Depreciation in the quarter of $25 million was up modestly compared to 2022. Net interest expense excluding deferred financing costs in the quarter was $21 million. This was down $8 million versus the third quarter of 2022 due to higher interest income on our cash balances. The modest floating rate debt we have is fully hedged through maturity.
The Q3 adjusted tax rate, which we use for the calculation of adjusted net income, was 22% for the quarter. The tax rate for the items used to adjust net income was 35% for the quarter.
Adjusted EPS in Q3 was $2.56, up 6% compared with last year. We had 80 million shares outstanding in the third quarter. This is a reduction of close to 1 million shares or about 1% year-over-year. We exited the third quarter with about 79 million shares on an unweighted basis.
Operating cash flow for the quarter was $331 million, up 5% compared to last year. CapEx for the quarter was $28 million, down 11% year-over-year as a result of catch-up spend on technology investments in 2022 which normalize this year. Free cash flow for the quarter was $302 million. Free cash flow as a percent of revenue on a rolling 4-quarter basis was 18% of revenue and 67% of EBITDA, adjusted for the after-tax impact of the Q1 divestiture, free cash flow conversion from GAAP net income was 122%. Our free cash flow conversion is generally higher when CV growth is accelerating.
At the end of the third quarter, we had about $1.2 billion of cash. Our September 30 debt balance was about $2.5 billion. Our reported gross debt to trailing 12-month EBITDA was under 2x. Our expected free cash flow generation, available revolver and excess cash remaining on the balance sheet provide ample liquidity to deliver on our capital allocation strategy, our share repurchases and strategic tuck-in M&A. Our balance sheet is very strong with $2.2 billion of liquidity, low levels of leverage and effectively fixed interest rates.
We repurchased $209 million of stock during the third quarter and about $100 million in October. The Board increased authorization by $500 million earlier this week, and we expect they will continue to refresh the repurchase authorization as needed going forward. At the end of October, following the increased authorization, we had about $1 billion available for repurchases. As we continue to repurchase shares, our capital base will shrink. Over time, this is accretive to earnings per share, and combined with growing profits, also delivers increasing returns on invested capital.
We are raising our full year guidance to reflect the better-than-expected Q3 performance and good visibility into the fourth quarter.
For Research, we continue to innovate and provide a very compelling value proposition for clients and prospects. Subscription research growth will reflect recent trends in contract value. We continue to expect stronger growth in the subscription business than in the non-subscription part of the segment, consistent with the third quarter.
For Conferences, we still expect Q4 to be the largest quarter of the year.

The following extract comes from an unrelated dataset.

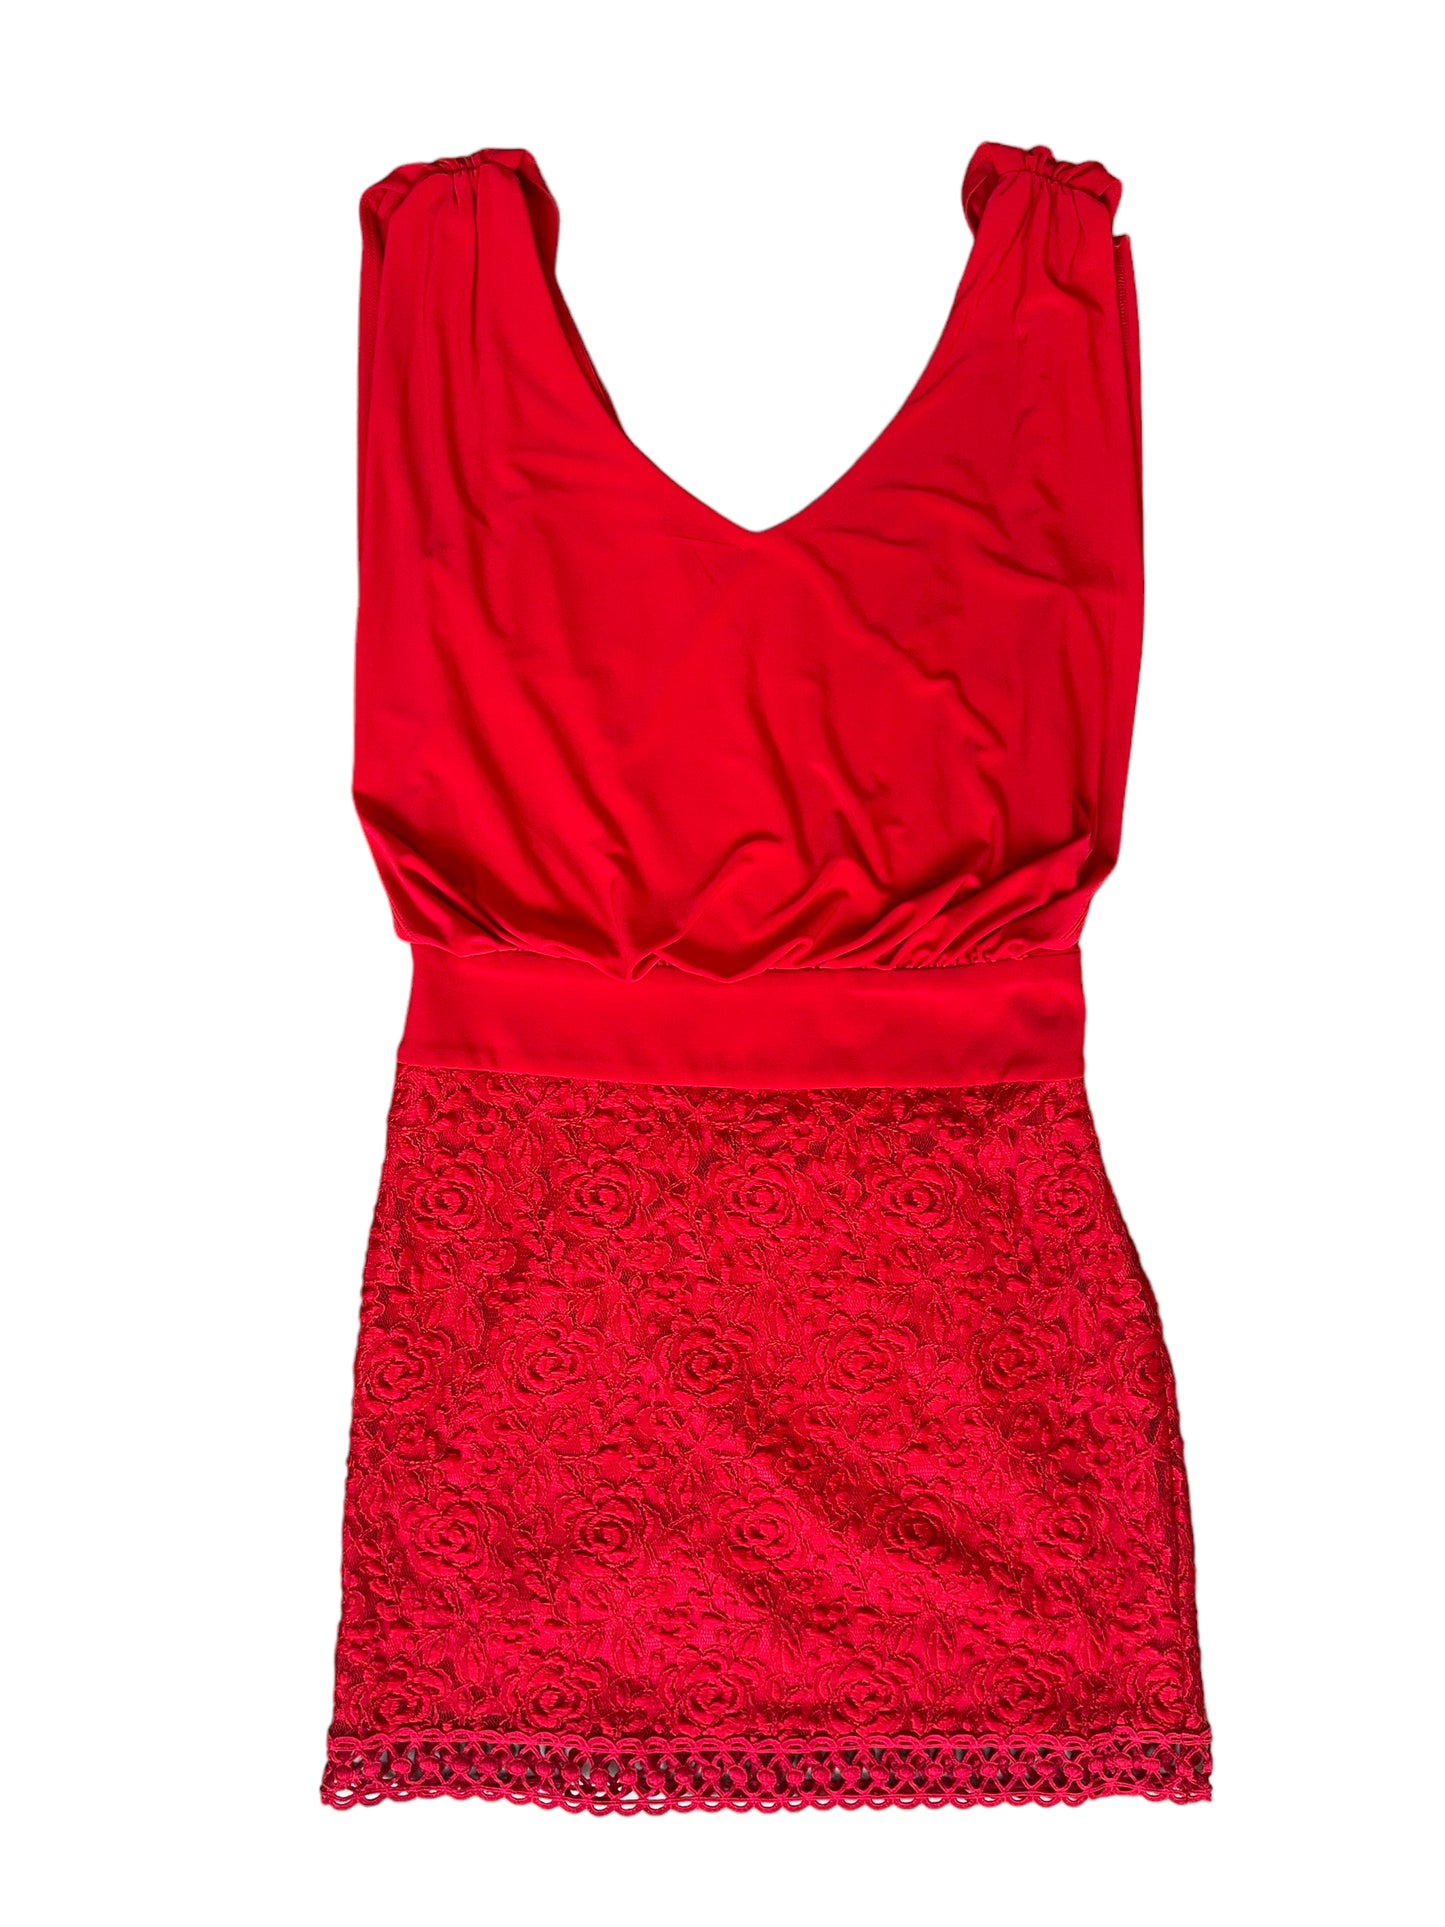 Laundry By Shelli Segal Red Lace Dress Size 8

For Consulting revenues, the labor business continues to perform well. We have very tough contract optimization compares in Q4 and pulled some revenue into Q3 relative to our prior expectations. We will continue both to manage expenses prudently to support future growth and deliver strong margins.
Our updated 2023 guidance is as follows: We expect research revenue of at least $4.875 billion, which is FX-neutral growth of about 6%, or 7% excluding the Q1 divestiture. The update to the Research revenue guidance reflects better-than-planned NCVI performance in Q3. With continued stability in the non-subscription part of the business, there is modest incremental upside relative to the expectations we built into the guidance last quarter.
We expect Conferences revenue of at least $500 million, which is FX-neutral growth of about 27%. We have increased our outlook for Conferences by $10 million to reflect a good start to the fourth quarter.
We expect Consulting revenue of at least $515 million, which is growth of about 8% FX-neutral, reflecting the very strong performance in Q3 and timing in the contract optimization business.
The result is an outlook for consolidated revenue of at least $5.89 billion, which is FX-neutral growth of 8%. We now expect full year EBITDA of at least $1.44 billion, up $80 million from our prior guidance. With the strong performance in Q3, we have increased confidence in the margin forecast for the fourth quarter. We expect typical operating expense seasonality from Q3 to Q4. We now expect 2023 adjusted EPS of at least $10.90 per share.
For 2023, we now expect free cash flow of at least $1.025 billion, up $50 million from our prior guidance. Higher free cash flow reflects a conversion from GAAP net income of 136%, excluding the after-tax divestiture proceeds. Our guidance is based on 80 million fully diluted weighted average shares outstanding, which reflects the repurchases made through the end of October.
We are performing well this year despite continuing global macro uncertainty and a dynamic tech vendor market. CV grew high single digits in the quarter. Revenue and EBITDA performance exceeded our expectations, and we increased our guidance. Free cash flow was strong in the quarter, and we increased the guidance for the full year.
We repurchased about $550 million of stock year-to-date through October and remain eager to return excess capital to our shareholders. We will continue to be disciplined, opportunistic and price-sensitive.
Looking out over the medium term, our financial model and expectations are unchanged. With 12% to 16% Research CV growth, we will deliver double-digit revenue growth. With gross margin expansion, sales costs growing about in line with CV growth and G&A leverage, we will expand EBITDA margins modestly over time. We can grow free cash flow at least as fast as EBITDA because of our modest CapEx needs and the benefits of our clients paying us upfront. And we'll continue to deploy our capital on share repurchases which will lower the share count over time and on strategic value-enhancing tuck-in M&A.
With that, I'll turn the call back over to the operator, and we'll be happy to take your questions. Operator?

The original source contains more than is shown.